The Daily WTF is a site that collects programmers’ horror stories. I thought the following horror story [it’s the second story on the page] provides a good example of why it’s important to double-check the code of scientific software.
Long ago, I worked as a programmer at a university’s hearing research lab. They were awarded a large government grant to study the effects of different kinds of noise on hearing. For the really loud and really faint noises, the researchers used animal subjects with ears that are similar to human ears. Specifically, chinchillas.
The chinchillas would be put in to a special chamber for several hours at a time to have their hearing tested. Since the little rodents don’t respond so well to questions like, “which sound is louder?,” a good amount of time had to be spent training them to jump over a little bar in their chamber whenever they heard a beep.
Because a large part of the research project was to study the long term effects of hearing, the tests would have to be run twenty-four hours a day, seven days a week, for several years. Obviously, it was pretty important that the chinchilla testing be automated. But not very important, though. If it had been very important, they would have had someone other than a grad student write it.
I joined the team about a year into the project and was tasked with rewriting the beep-jump-reward program. It was a ridiculous mess of spaghetti code that seemed to have more GOTO statements than actual code. There were no comments anywhere nor any documentation on what the program’s algorithm was for controlling the beeps and rewards.
After a little while, I was able to figure out the algorithm and rewrite the application. A month or two later, the rewrite was put into production. I documented my work, said my goodbyes, and moved on to my next contract.
A year or so later, the researchers compiled the data and noticed some very surprising results: the chinchillas were a lot more hearing-impaired than they should have been. While this may not seem too big a deal, the findings would have some serious ramifications. Occupational noise-exposure laws would be changed, lawsuits would be filed, and billions would be spent correcting the issue.
Before publishing the results, another team of researchers went over the data and study with a fine-toothed comb to ensure that the results were correct. And whammo, they find a bug in my code. Under certain conditions, one part of the application did not correctly check that the chinchilla jumped at the right time. This meant that the program would deny the chinchilla a food pellet, giving it negative feedback when it in-fact did the right thing. This led to so some rather confused chinchillas which had no idea when they were actually supposed to jump.
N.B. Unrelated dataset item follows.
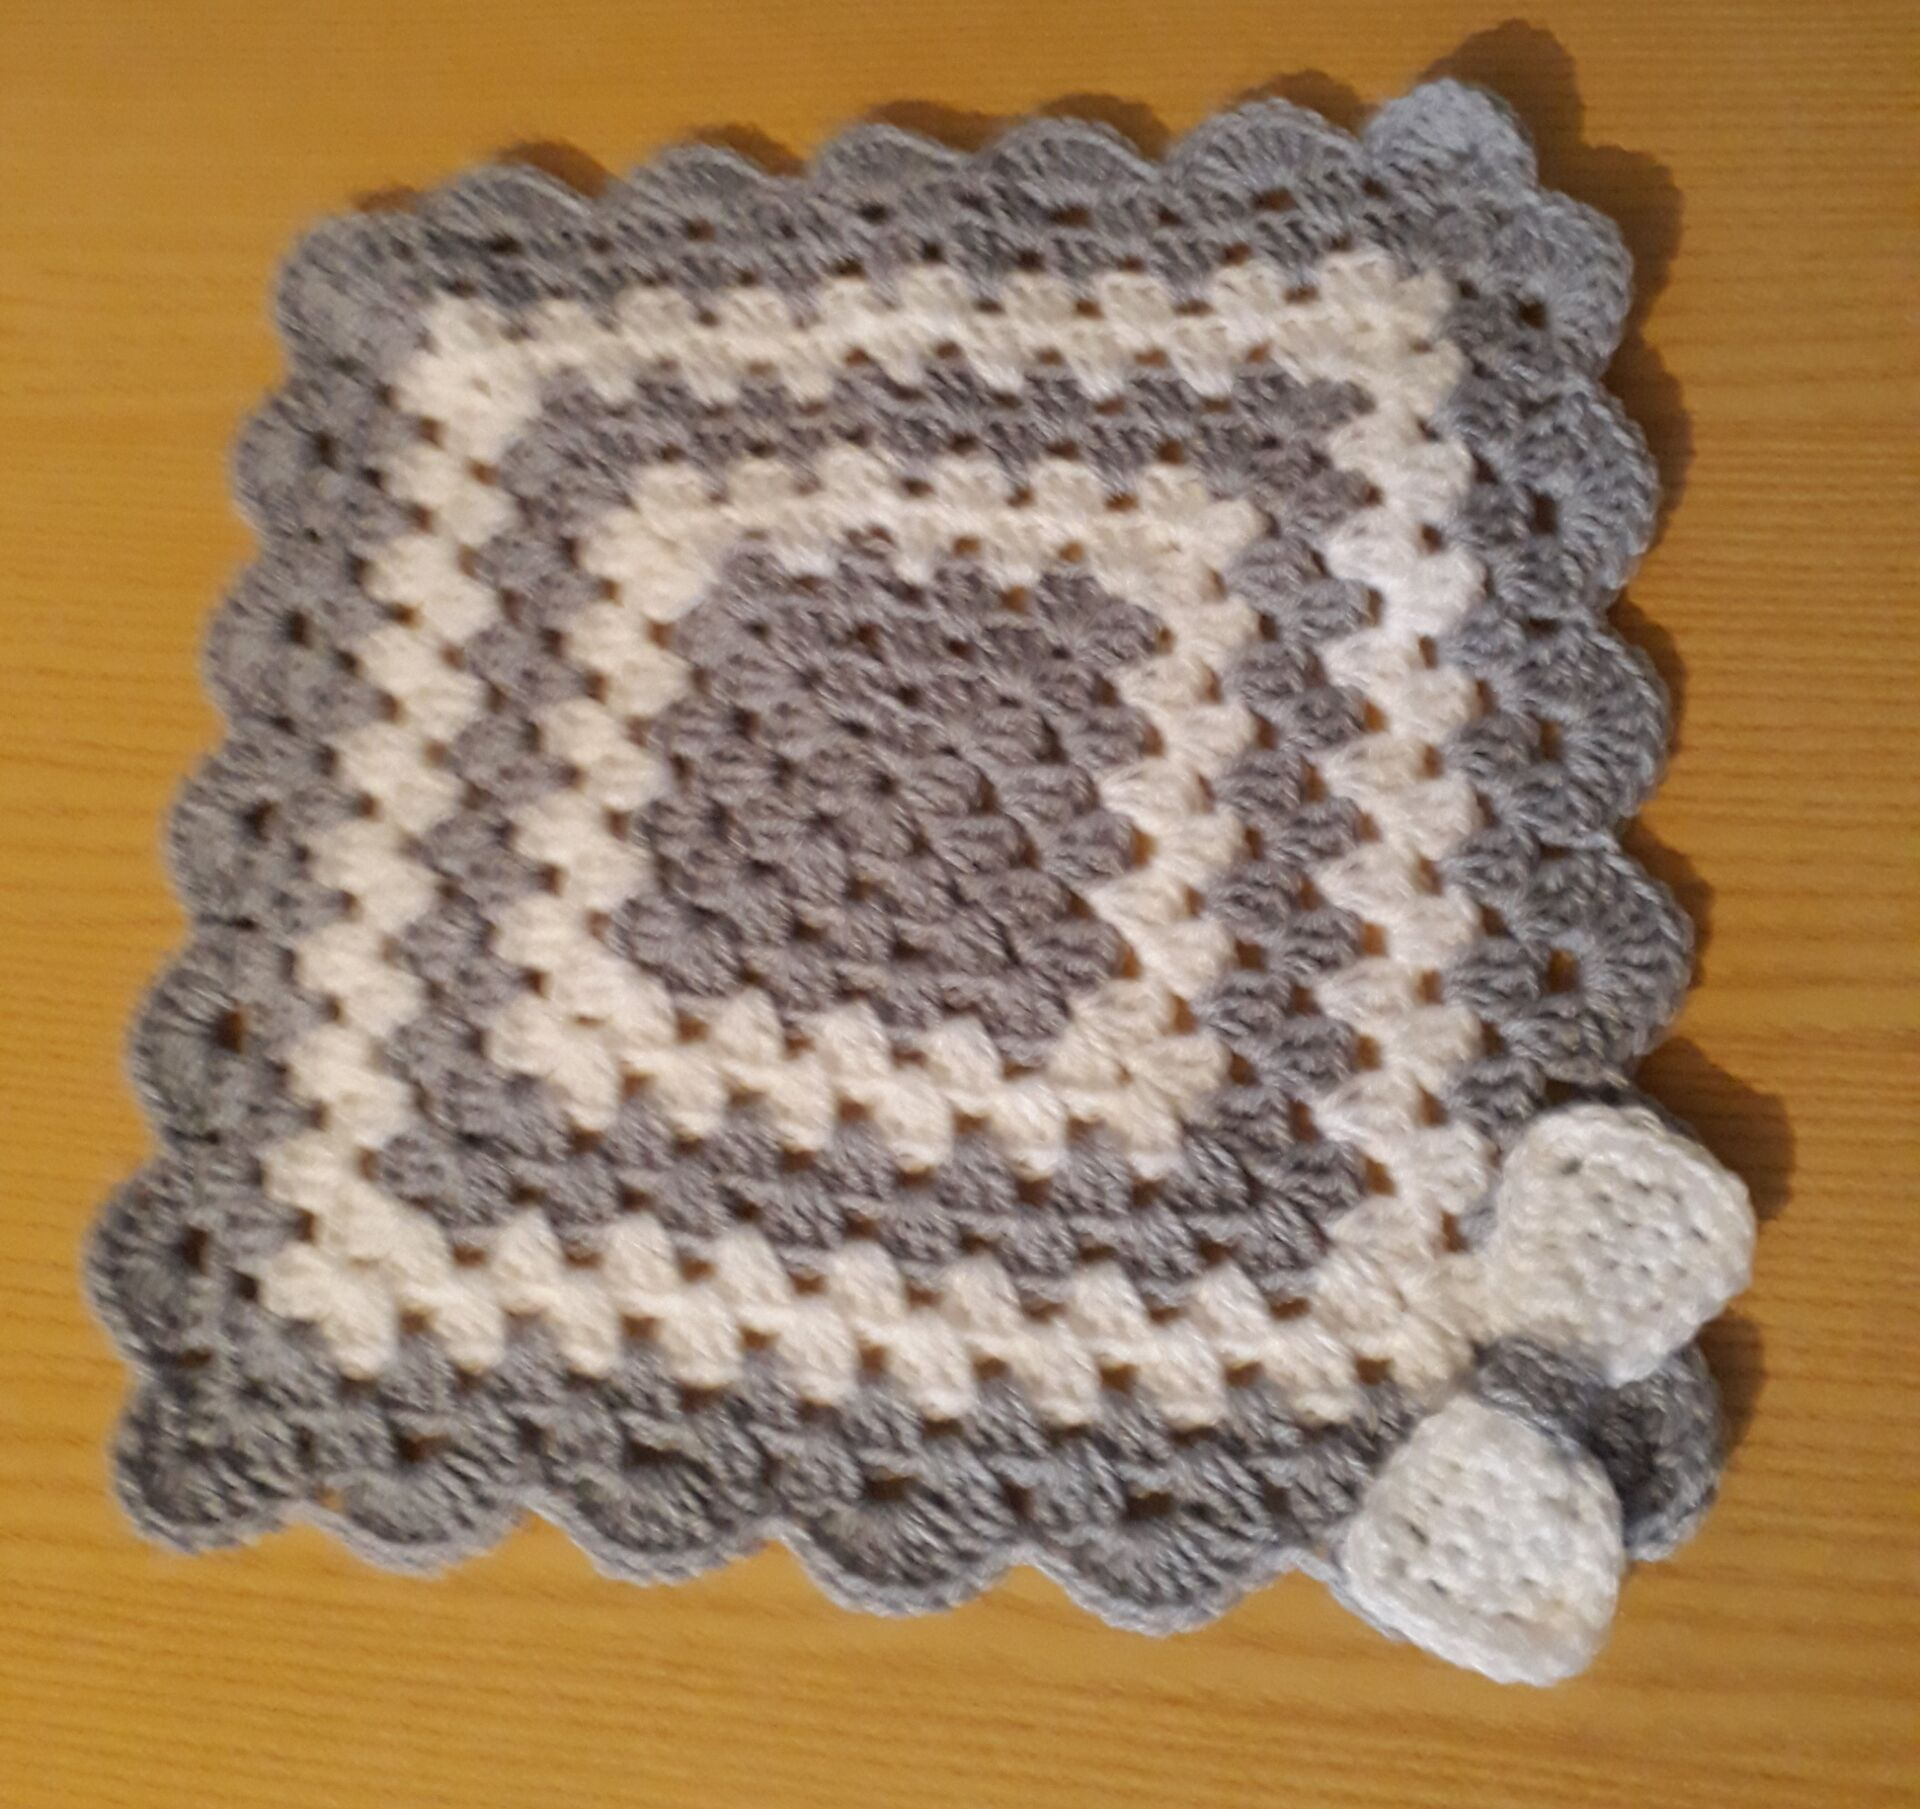 Crochet baby burial blankets CRADLE OF LOVE grey born 22-25 weeks

In the end, over a year’s worth of data was thrown out, a few man-years of work was wasted, and there were a whole lot of cute little rodents that were rather confused and hard-of-hearing. I still feel bad for deafening those poor chinchillas…
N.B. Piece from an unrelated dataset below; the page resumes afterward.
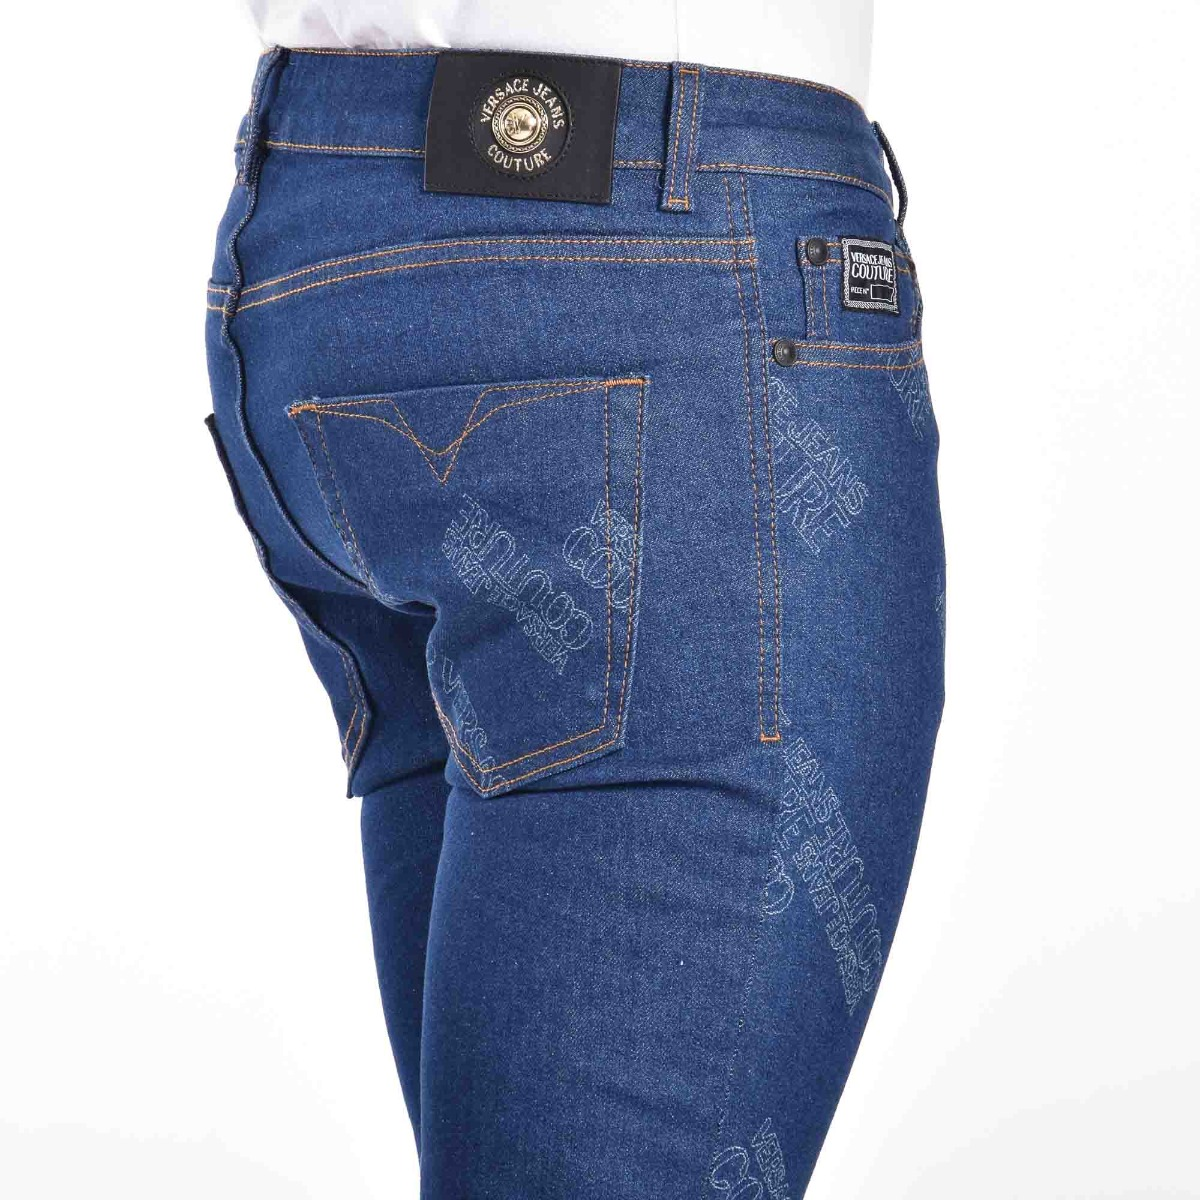 Jeans stampa all over lodo- Denim scuro

This story highlights the secondary importance that many scientists still accord to software in their research. In this case, the writing of a critical piece of software was assigned to a naive grad student who worked without oversight. The researchers apparently did not stop to think that one minor error in that software would invalidate the results of the entire experiment.
Note that the error was only caught by a second, completely independent team of researchers who went over the first team’s code “with a fine-toothed comb”. Note also that they didn’t just review the data the software generated but the actual software itself. Something that was never done with the CRU software until a whistle blower exposed it to the world.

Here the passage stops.